## REQUIRED WORK
Using the material below, return exactly the lines between the one holding "FOX MTB-Handschuhe Flexair Camo Gr/ün Camo" and the one holding "Special Championship Edition", inclusive, and no others.

## RECORDS FOR THIS EXERCISE
════════════════════
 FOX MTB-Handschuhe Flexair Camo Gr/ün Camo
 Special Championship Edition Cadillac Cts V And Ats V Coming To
════════════════════
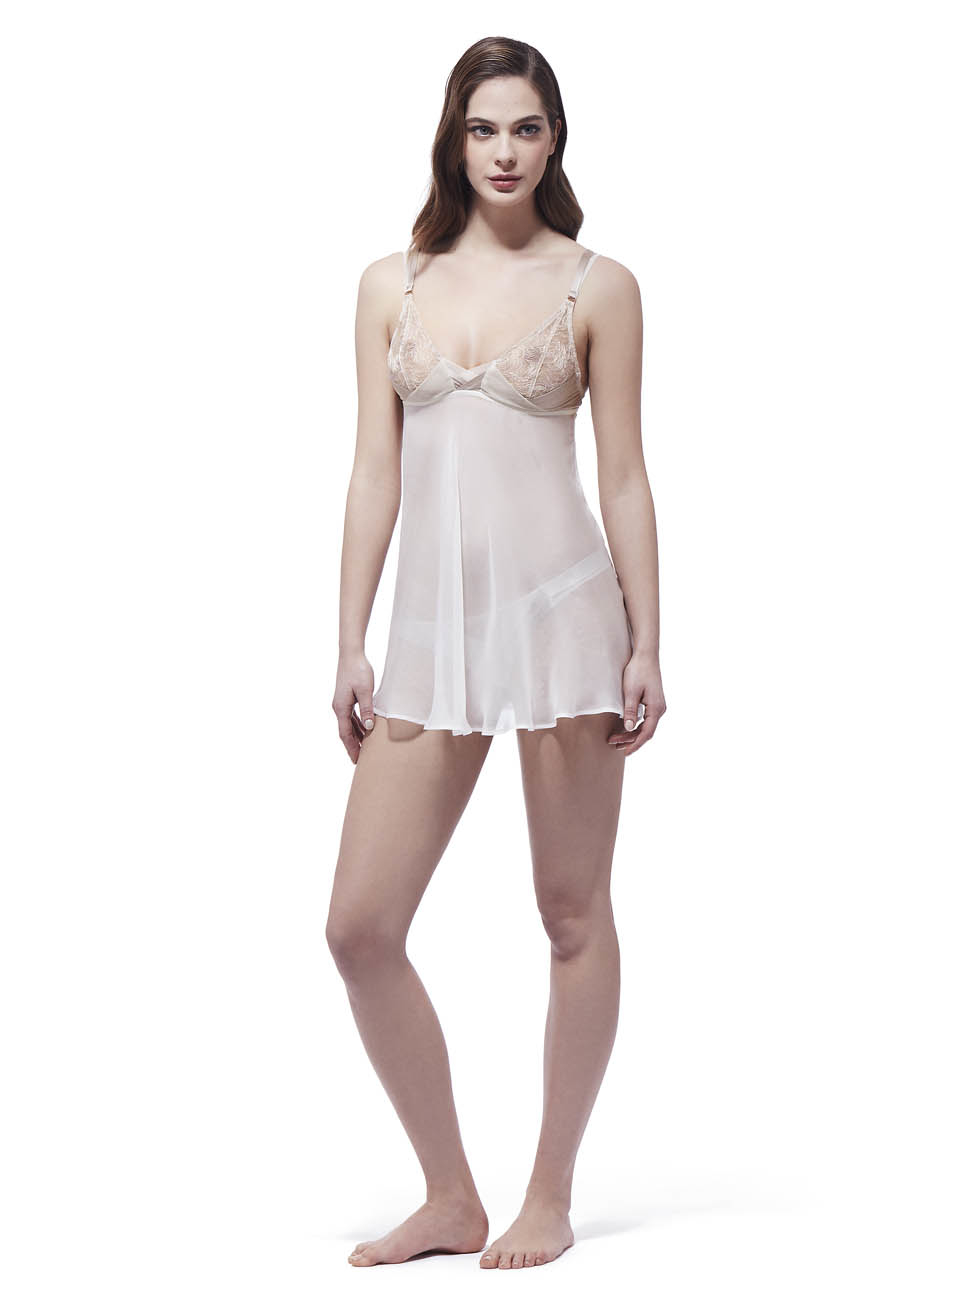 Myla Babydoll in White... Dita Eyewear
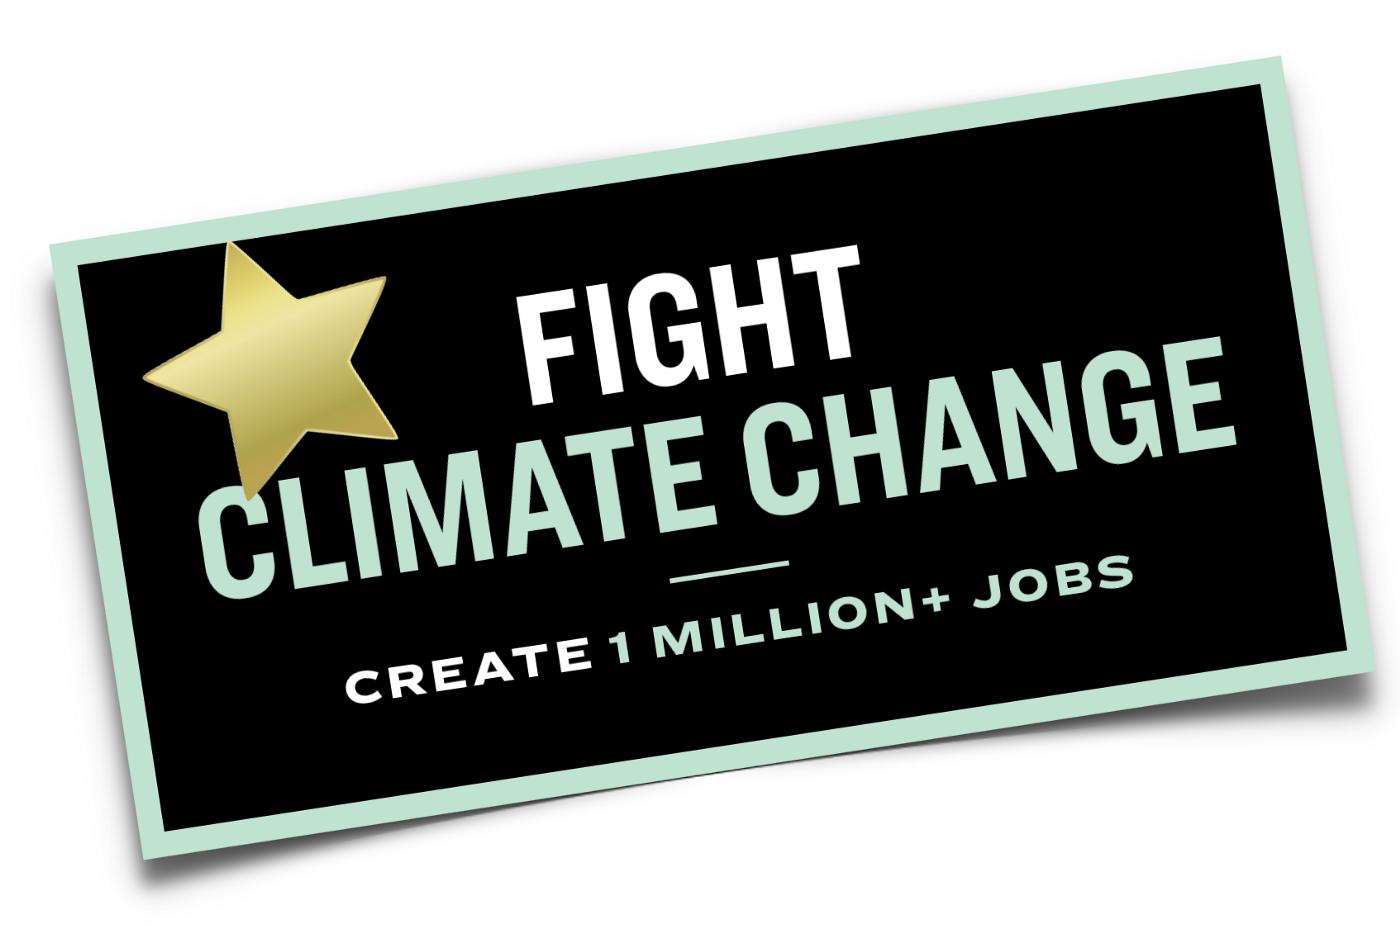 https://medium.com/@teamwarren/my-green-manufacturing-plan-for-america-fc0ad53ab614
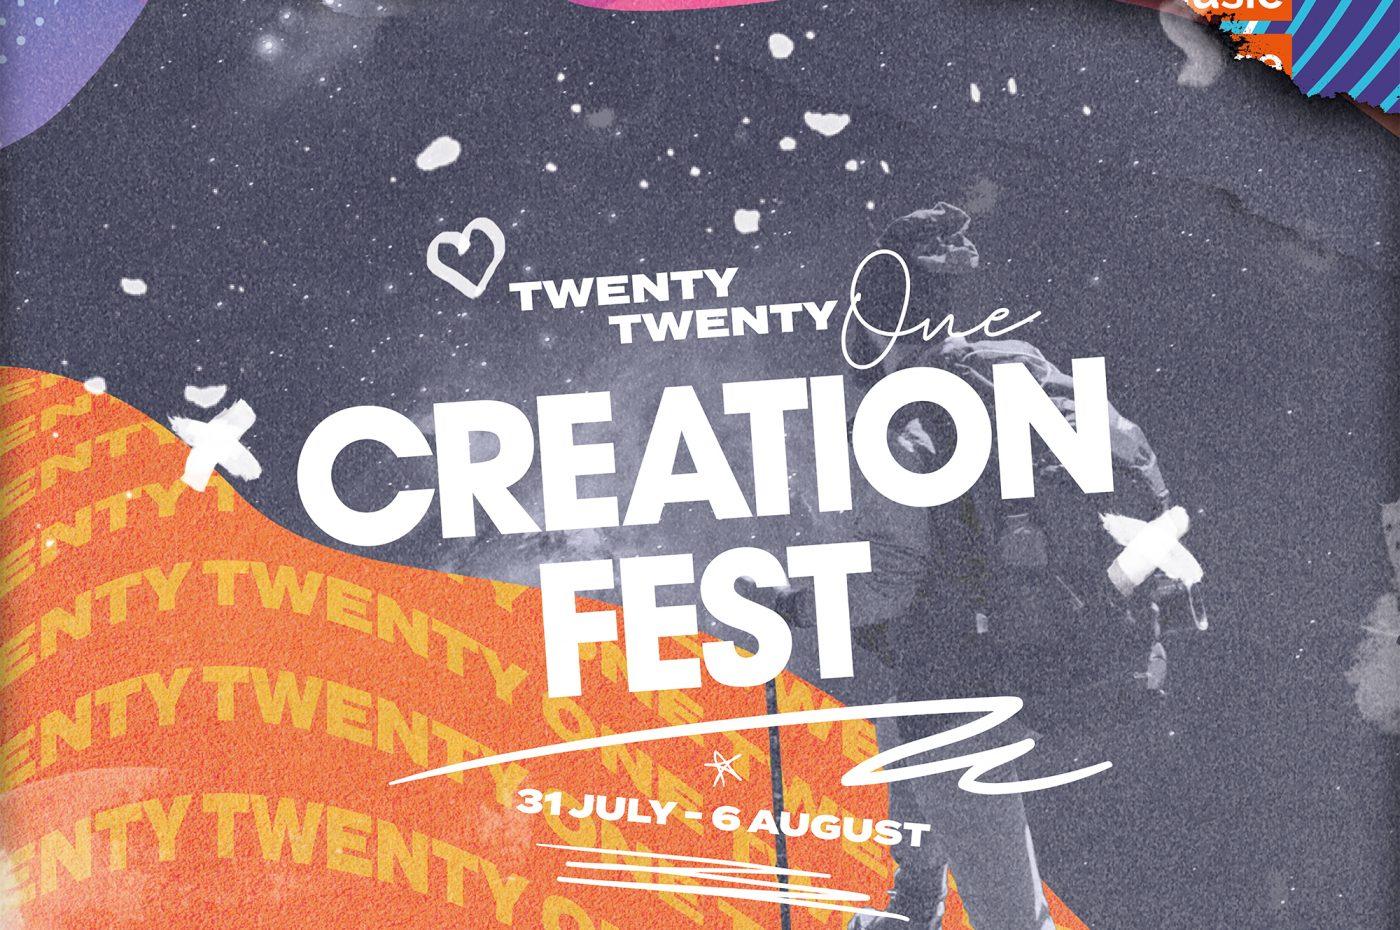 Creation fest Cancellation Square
════════════════════
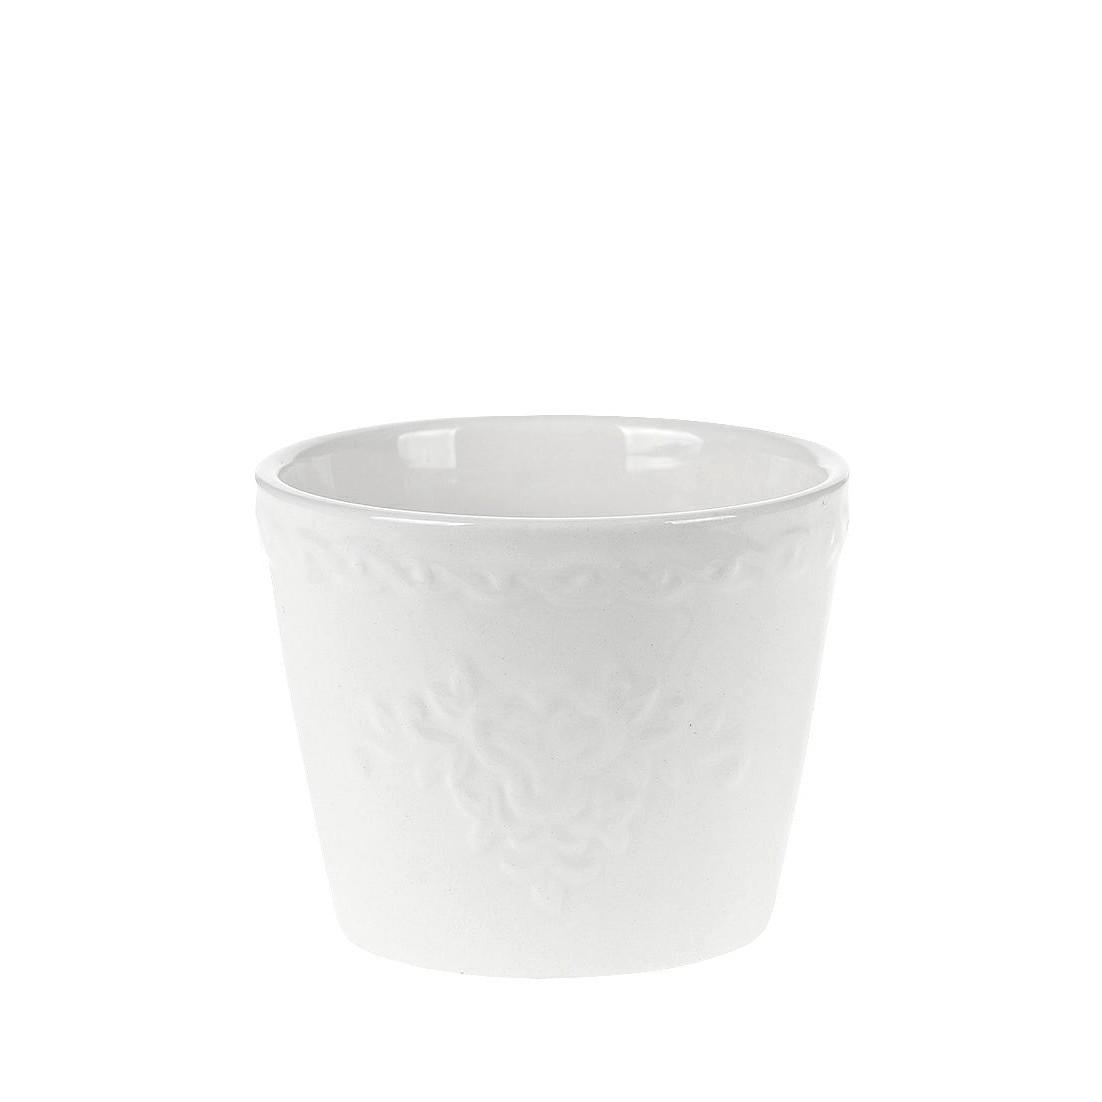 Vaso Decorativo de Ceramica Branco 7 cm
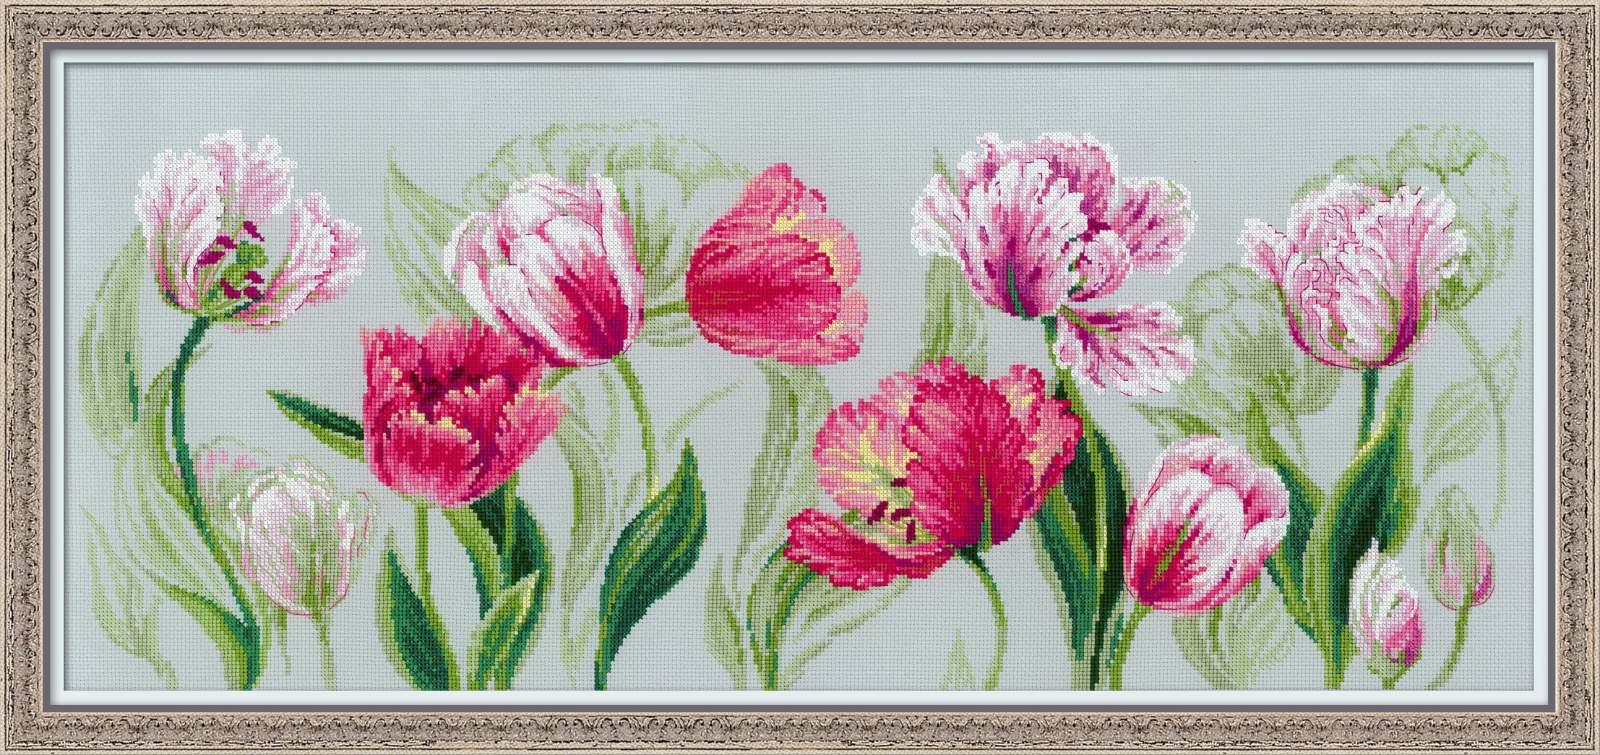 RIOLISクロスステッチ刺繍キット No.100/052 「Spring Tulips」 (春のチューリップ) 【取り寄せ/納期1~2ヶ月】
════════════════════
## SOLVED EXERCISE
 FOX MTB-Handschuhe Flexair Camo Gr/ün Camo
 Special Championship Edition Cadillac Cts V And Ats V Coming To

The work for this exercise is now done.